TorchLean is my attempt to make that drift harder to ignore. It puts neural-network programs inside Lean so that the model, graph, gradient rule, certificate, Float32 assumption, and runtime artifact can be named in one formal setting.
Why this feels urgent now
Two things are happening at the same time.
The first is that code is becoming easier to produce than to understand. AI assistants can now write scripts, wrappers, exporters, kernels, and verifier harnesses quickly. That is genuinely useful.
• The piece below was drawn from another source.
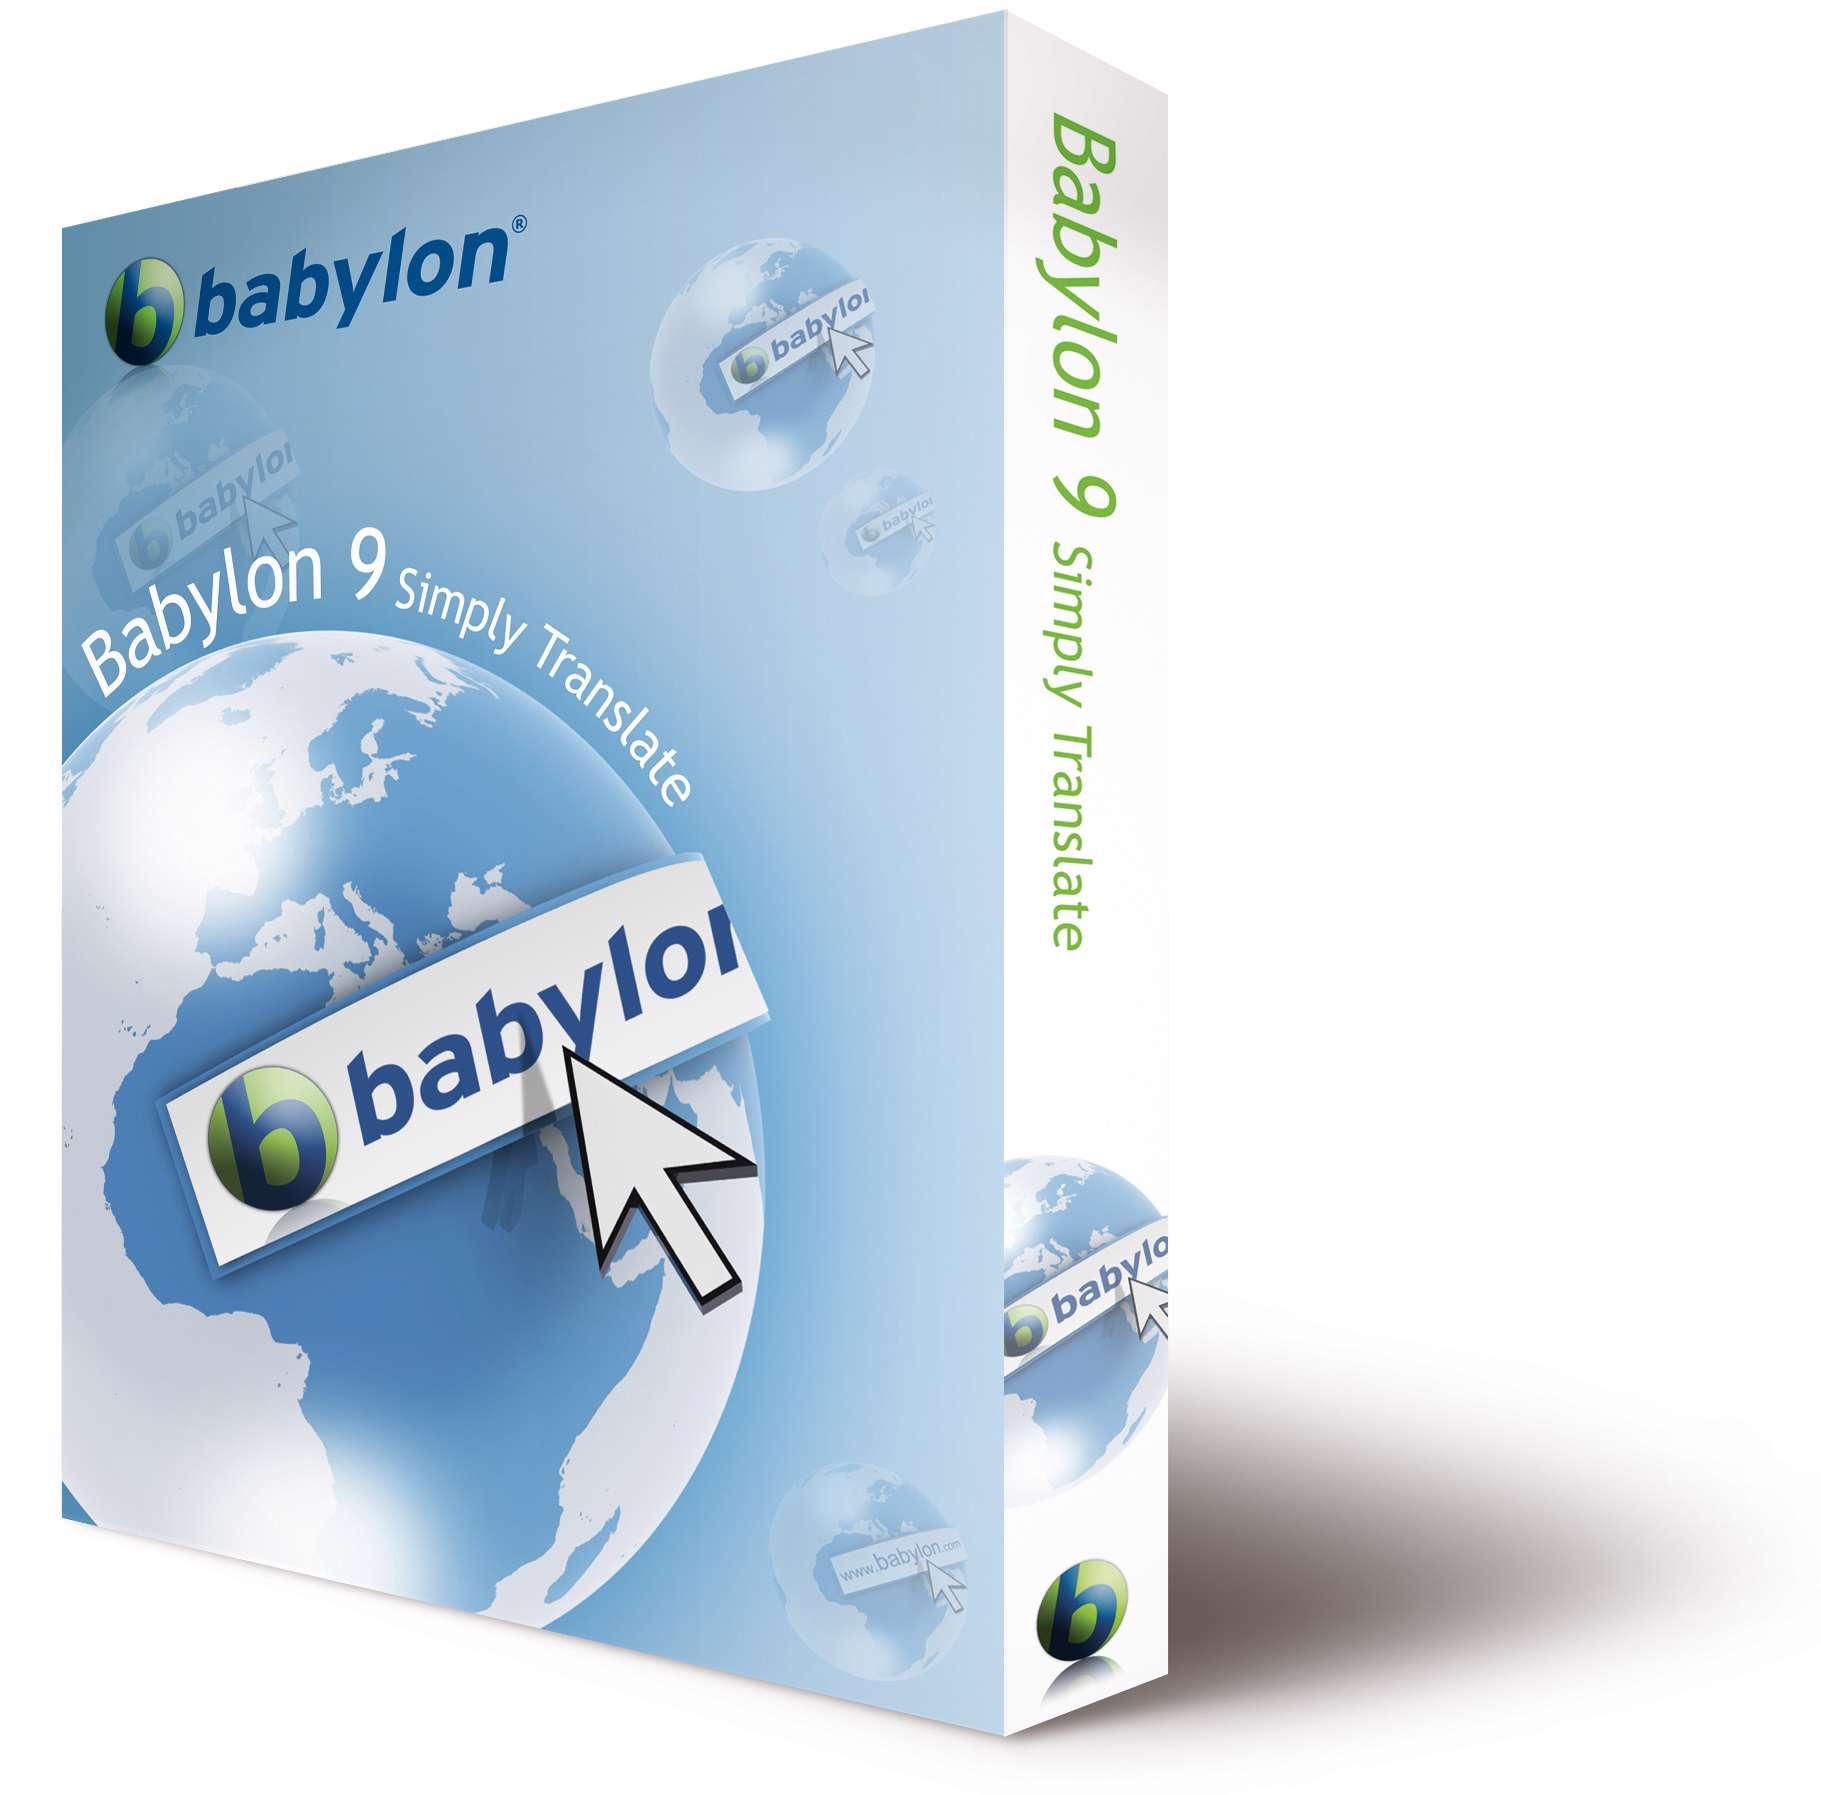 دانلود دیکشنری قدرتمند Babylon 10.5.0.11

But it shifts the bottleneck: the hard part is no longer only writing code, but knowing what computation the code implements and whether that claim survived all the interfaces it crossed.
This is the part of “vibe coding” that interests me most. Karpathy’s phrase captures a real change in programming practice, and Collins later named vibe coding its 2025 word of the year.1 For scientific ML, the consequence is not that expertise matters less. It is that checks matter more: shape checks, mask checks, graph checks, certificate checks, numerical checks, and contracts around external tools.
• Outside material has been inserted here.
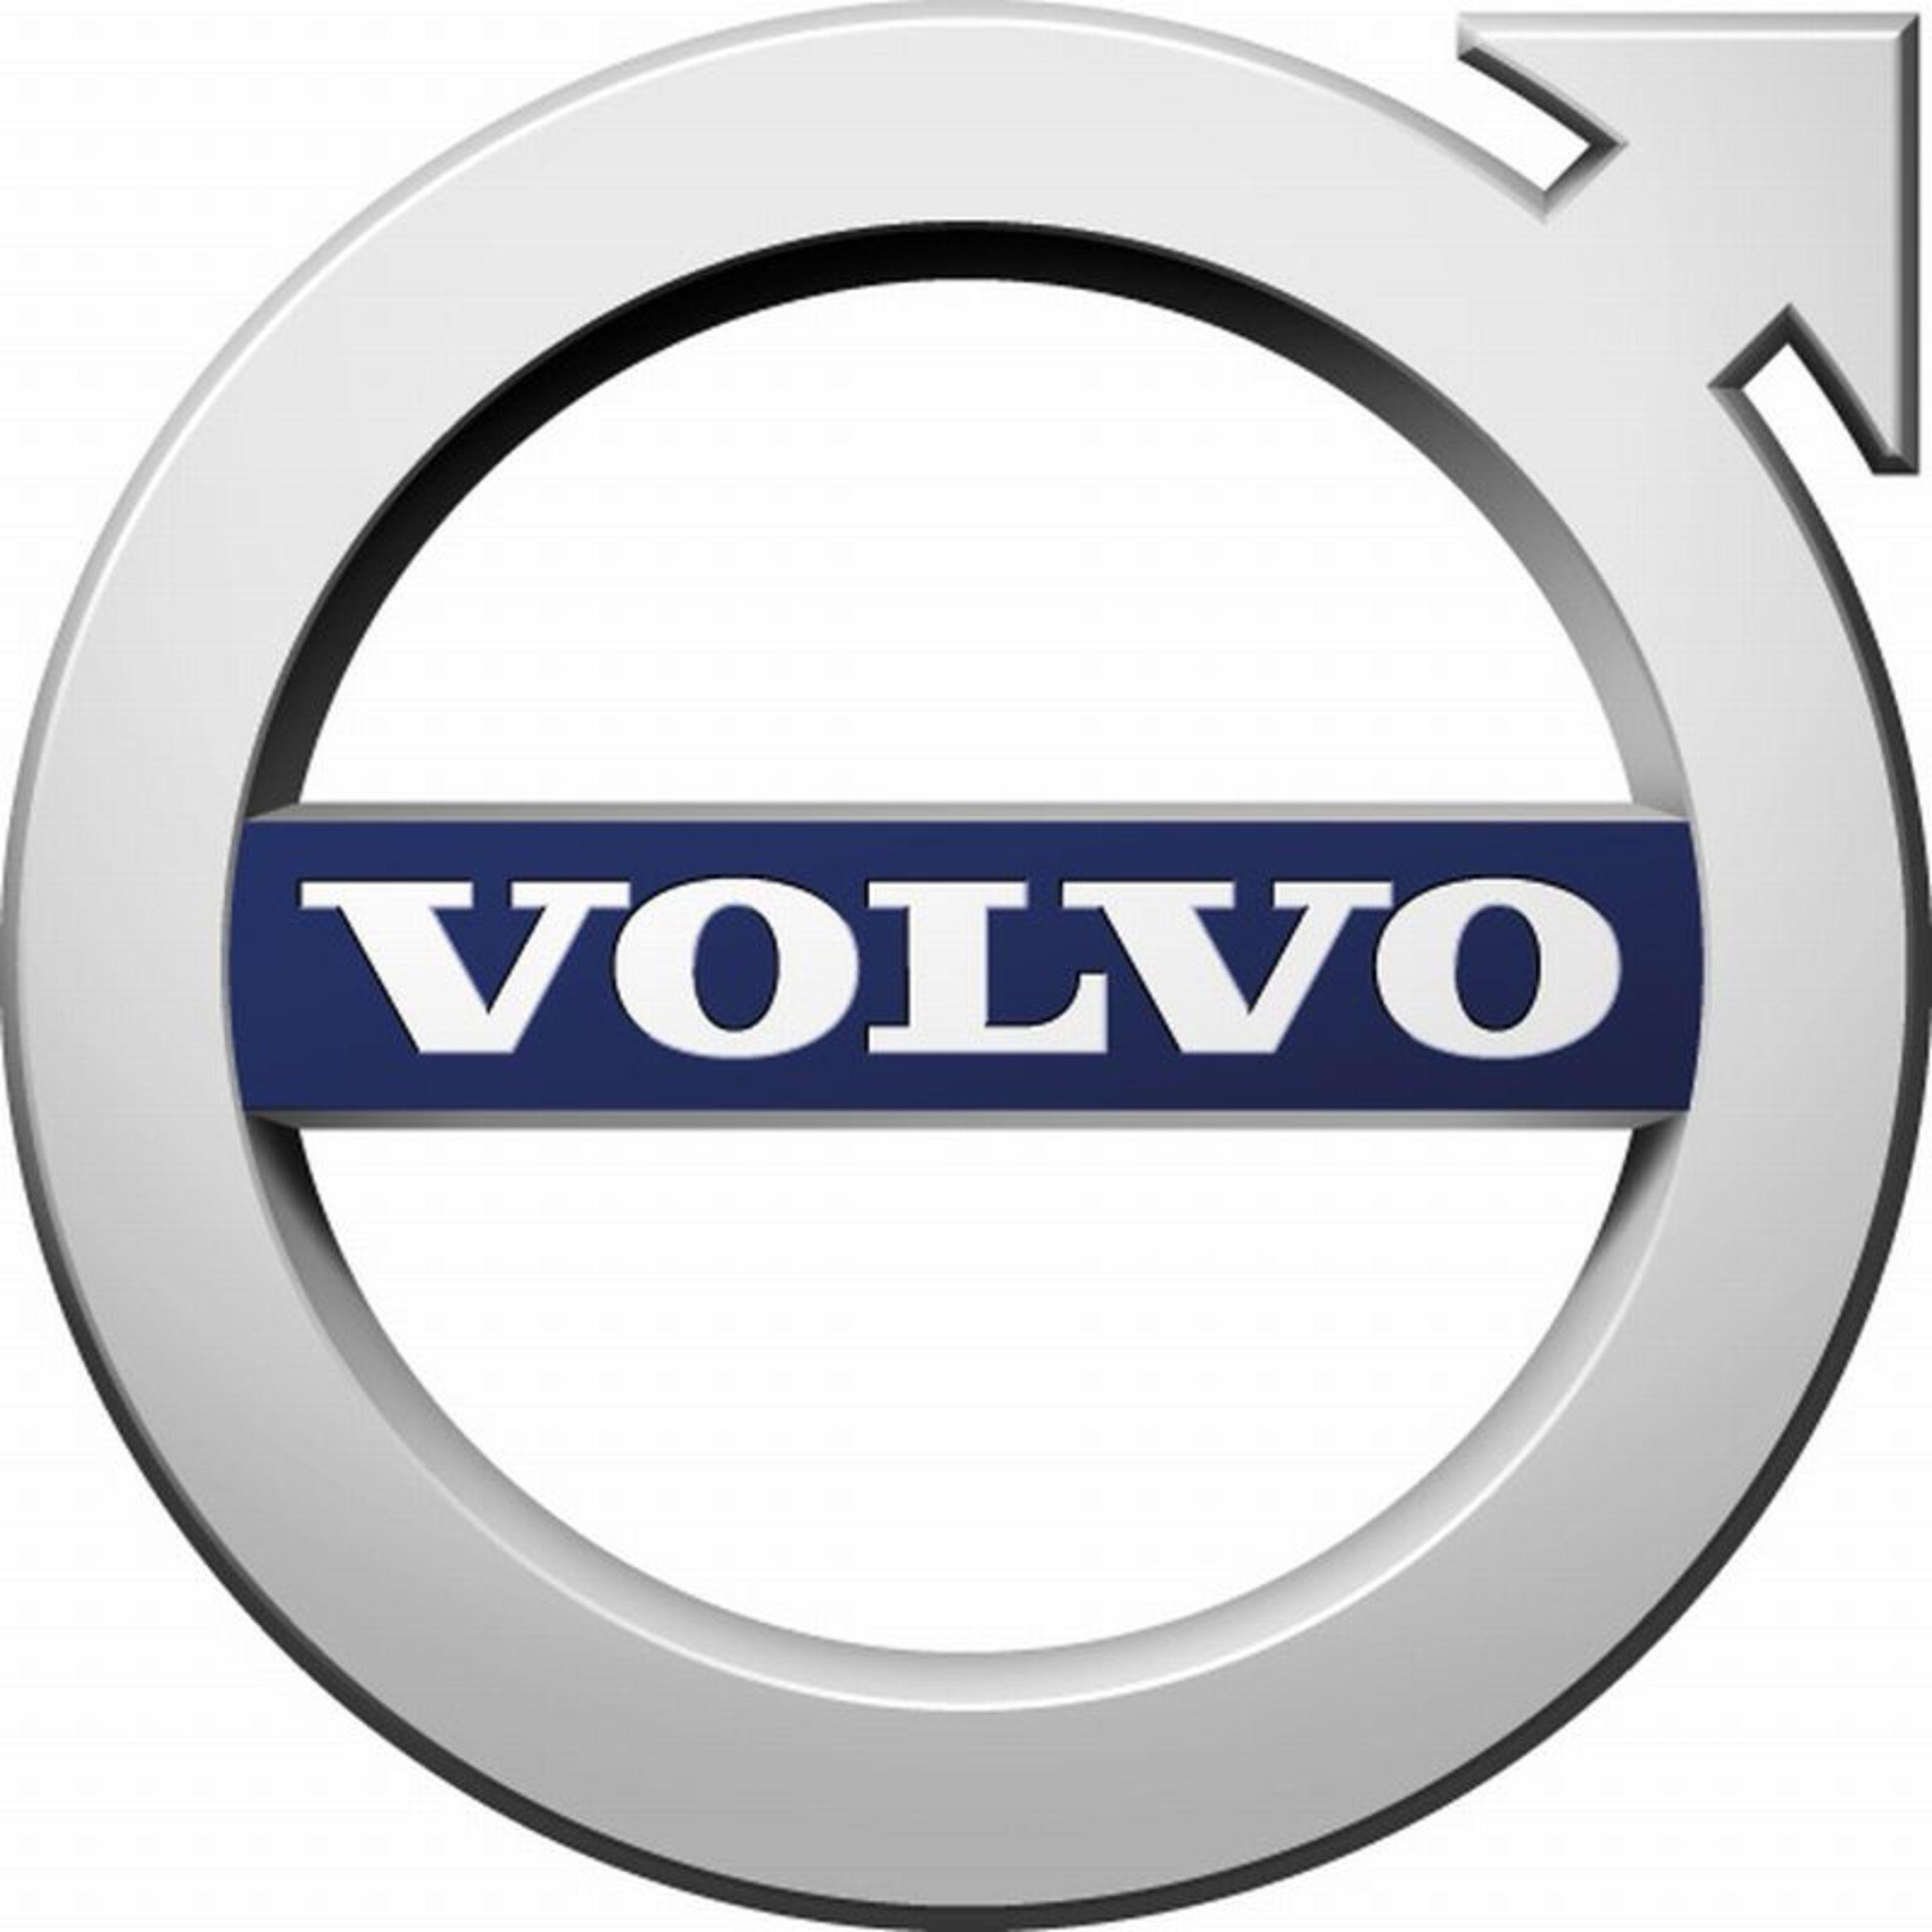 Volvo Car Group Logo (PRNewsFoto/Volvo Car Group)

The second is that theorem proving and formal verification are being pulled into the mainstream software conversation. The bigger idea is vericoding: AI-assisted programming where code is generated together with formal specifications, proofs, or certificates that a checker can reject if they are wrong. Max Tegmark and collaborators use the term for LLM-generation of formally verified code from formal specifications, explicitly contrasting it with vibe coding.2 I fully believe some version of this is the future. I do not want AI systems only to produce more plausible glue code. I want them to help produce artifacts that carry checkable contracts.
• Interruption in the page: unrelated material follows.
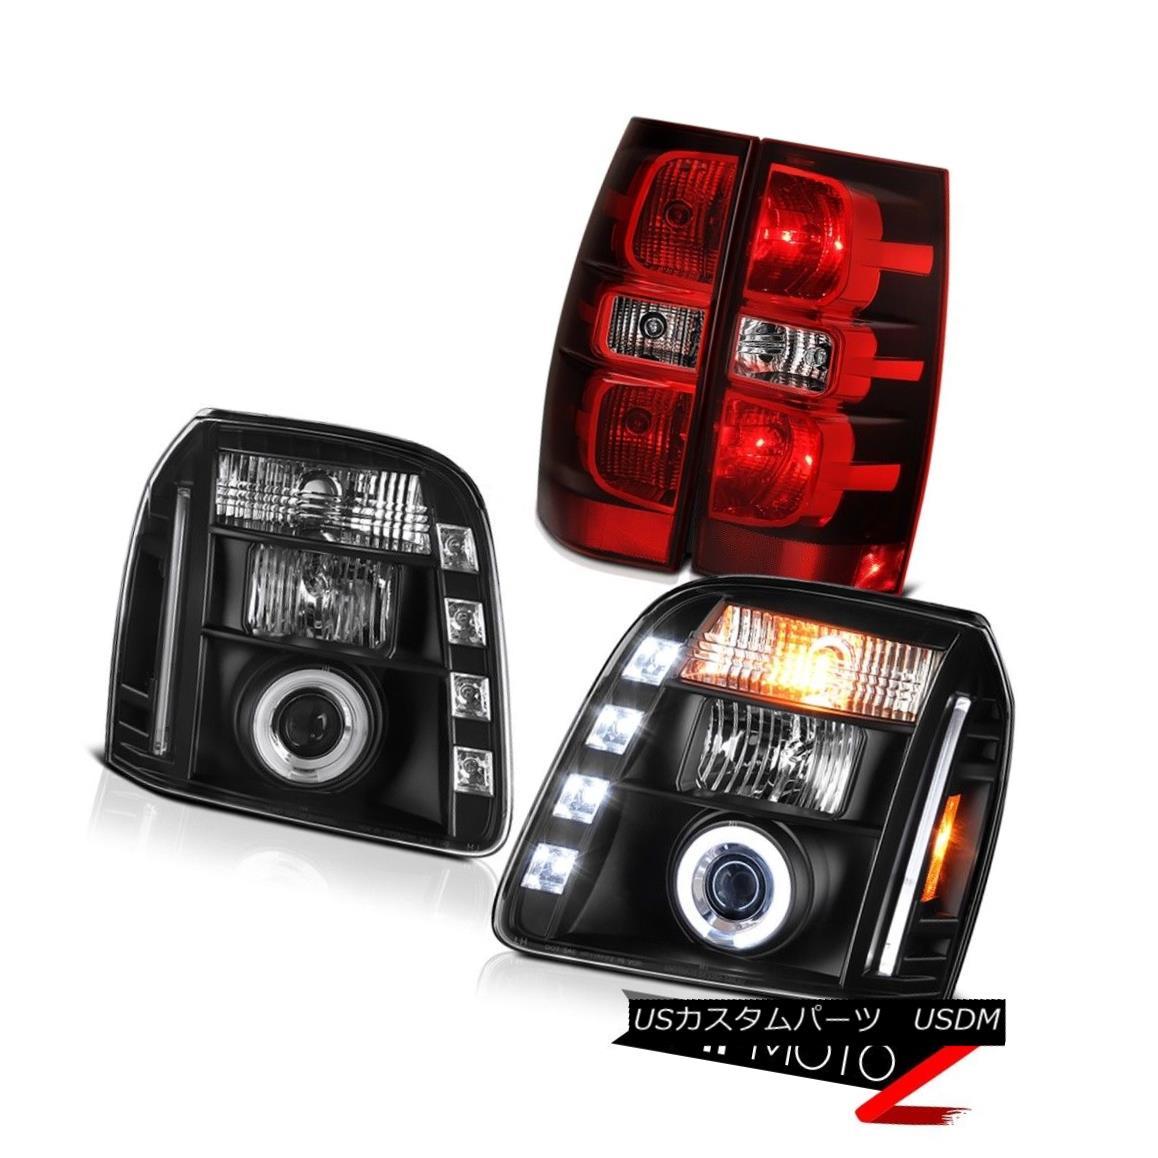 テールライト 07-14 GMC Yukon SLT Red Clear Parking Brake Lights Projector Headlamps Brightest 07-14 GMC Yukon SLTレッドクリアパーキングブレーキライトプロジェクターヘッドランプ

Lean is one concrete reason this now feels possible. It is both a functional programming language and an interactive theorem prover: you write definitions, state theorems about them, and have a small kernel check that the proof really establishes the statement. This is why Lean has become so visible in mathematics and AI. DeepMind’s AlphaProof used Lean as a formal target for Olympiad-style reasoning, and Terence Tao’s Lean formalization work shows mathematicians using formal systems to make existing arguments more explicit and collaborative.3
The functional programming part matters too. In Lean, the values that matter to a theorem tend to have names: the parameters, the graph, the input box, the random seed, the mask, the Float32 model. That is exactly the discipline I want around ML systems, especially when AI-generated code makes plausible-looking glue code cheap.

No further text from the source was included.